Career counselors and placement experts say there's been an uptick in recruiting as many businesses bump up production and add employees after cutbacks that occurred in the wake of the 2008 global market crash and economic recession.

A recent report from the National Association of Colleges and Employers said businesses expect to hire 13.5 percent more new graduates this year, the first double-digit increase in the organization's spring hiring forecast since 2007.

"The job market is still tight and competitive, but it has come back since the 2010 class," said Jennifer Vasicek, director for the Pittsburgh OfficeTeam division of Robert Half International.

With more businesses hiring, graduates apparently can afford to be a bit more choosy.

In a survey of 50,000 college seniors conducted between February and April, NACE reported 41 percent who applied for a job said they had received an offer, up from 38 percent a year ago.

While they reported more offers, the percentage who said they had a job to go to after graduation was the same as last year: 24 percent. The fact the percentage did not change reflected more seniors applying for jobs and more turning down offers, a NACE official said.

"This year's graduates are a little more willing to hold out for a different job offer," said Marilyn Mackes, executive director of the association.

While Ms. Vasicek said there was activity among manufacturers and distributors who had begun ramping up production in recent months, most of the job opportunities for new graduates are in credit collections, accounting, information technology, Web design and customer service.

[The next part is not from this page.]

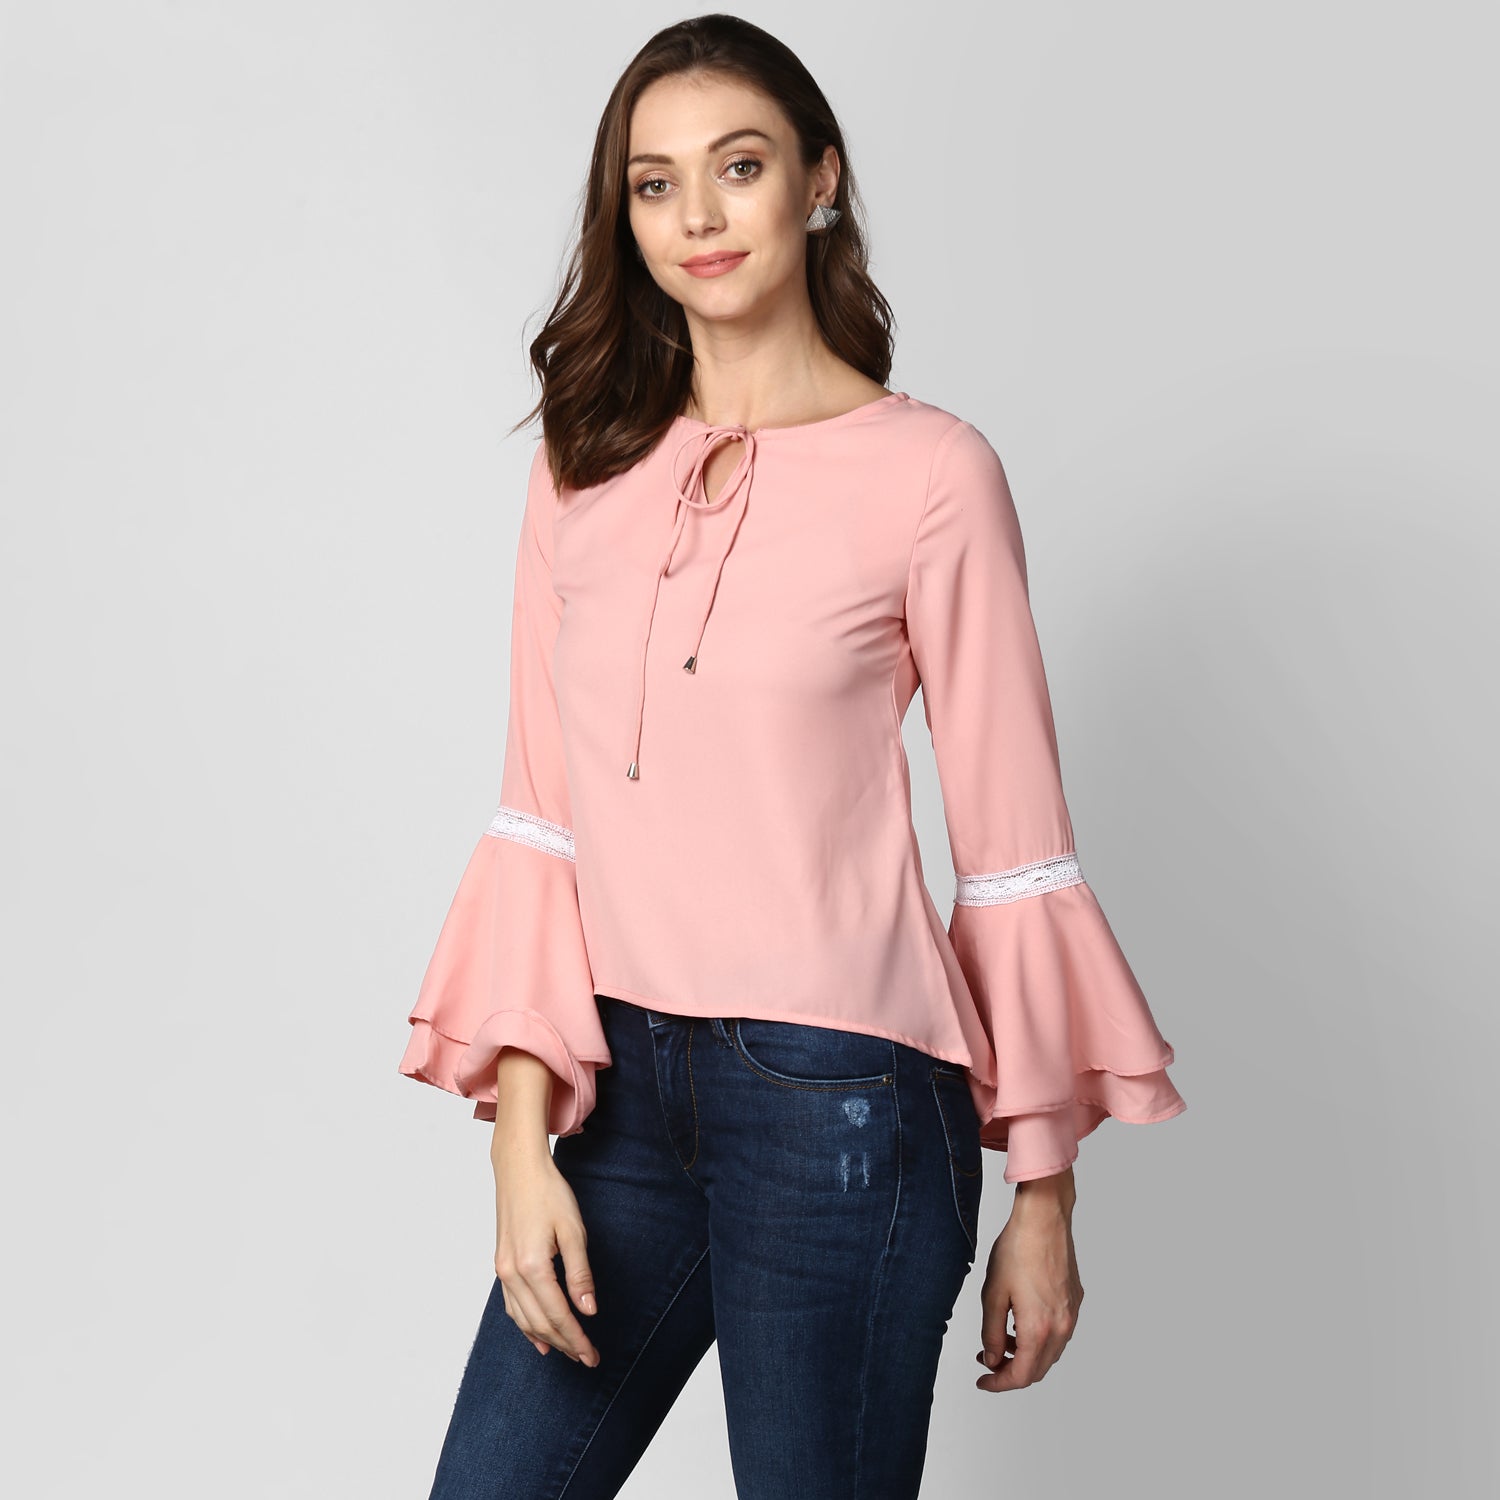 Women's Multi Tier Pink Top - StyleStone
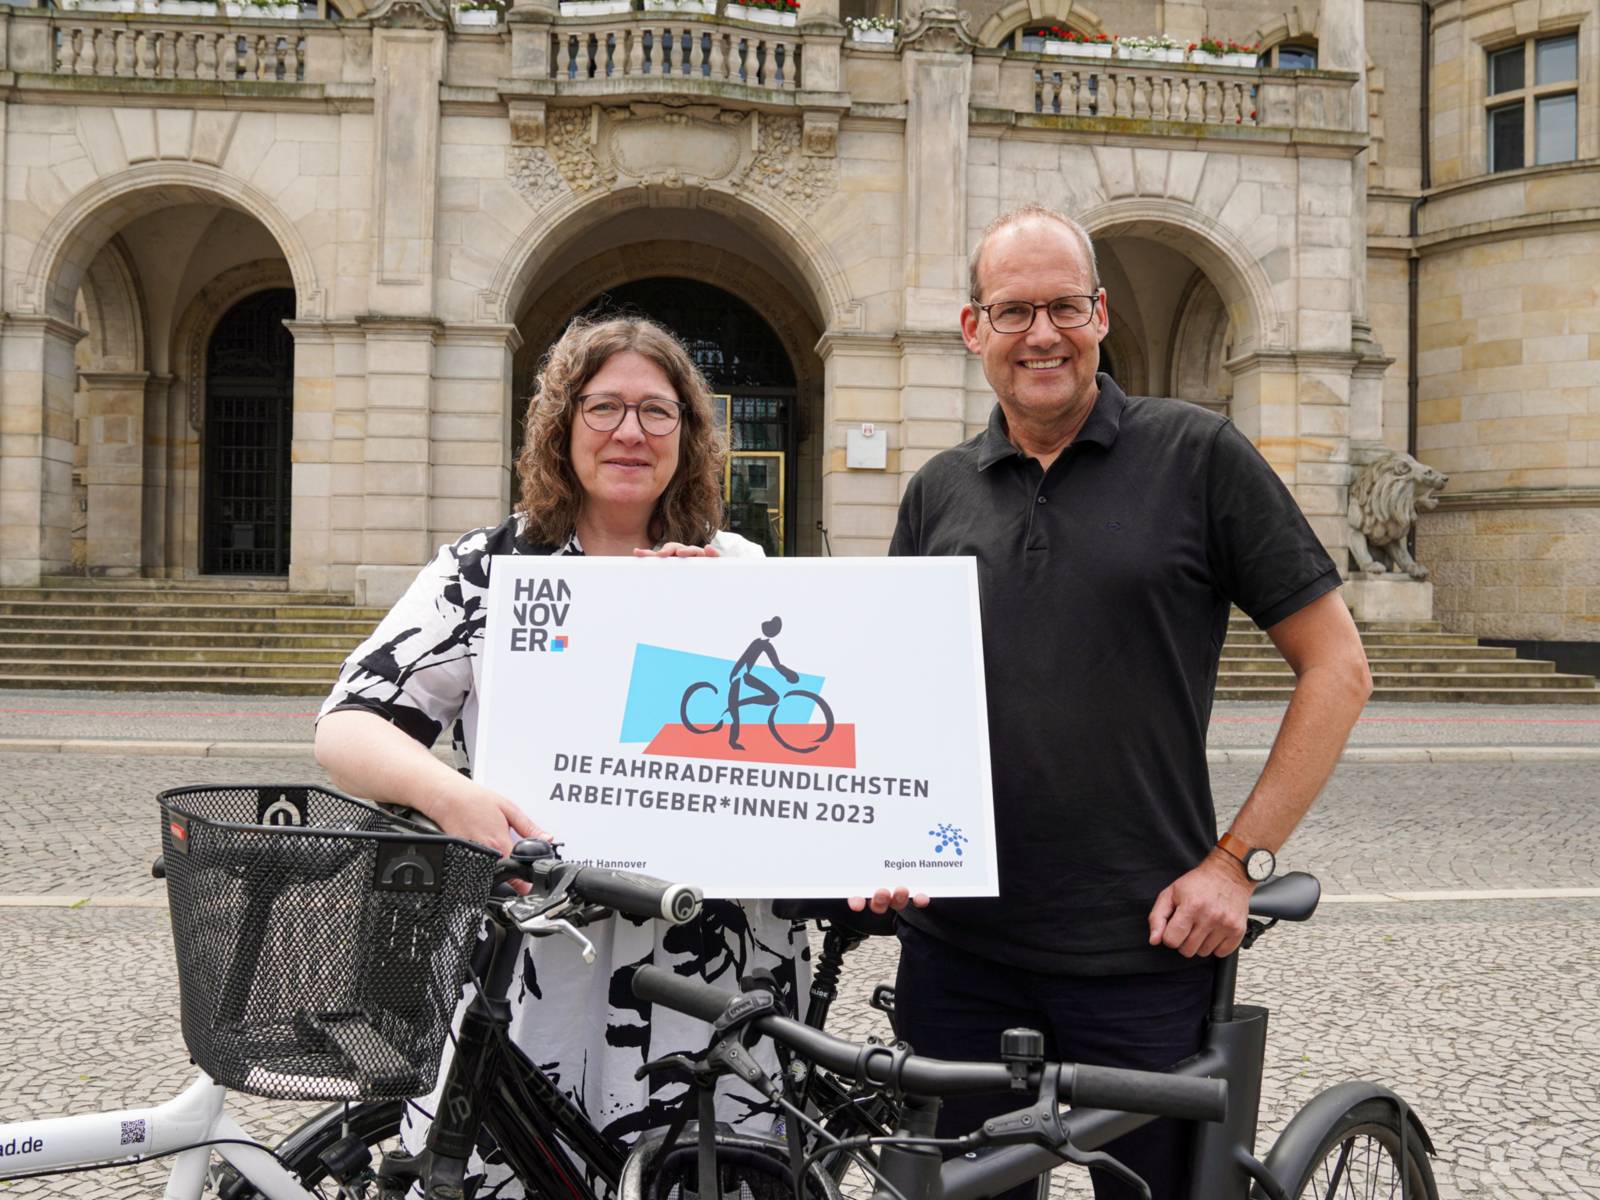 Zwei Personen an einem Fahrrad. Sie halten ein Schild, auf dem "Die Fahrradfreundlichsten Arbeitgeber*innen 2023" steht.

In the health care sector, she has seen demand for medical records clerks, medical secretaries and patient registration clerks.

Some clerical positions may not require a college degree "but it's beneficial," she said. "Among most of our [medical] clients in the Pittsburgh area, physicians require a bachelor's degree for their assistants."

More employers turned out in March than they did last year for the Western Pennsylvania Career Services Association spring job and internship fair, said Debra Saffer, career counselor at Duquesne University.

Among businesses seeking college graduates, she said, the most marketable degrees right now are engineering, finance, accounting and physical sciences.

But don't discount the liberal arts, Ms. Saffer said. Those degrees often appeal to employers who want to fill sales and marketing positions and who want applicants with strong verbal skills.

"Sometimes the presence or absence of verbal and communication skills can determine which people are hired," she said. "Often it's not the major; it's dependent on the skill."

What hiring managers are seeking as they consider new graduates, OfficeTeam's Ms. Vasicek said, are "really proactive candidates taking the initiative to gain experience however they can."

Those with volunteer experience, temporary job experience or solid internships stand to fare better, she said.

She counsels those who land an interview to show up prepared with a resume, letters of reference and all contact information.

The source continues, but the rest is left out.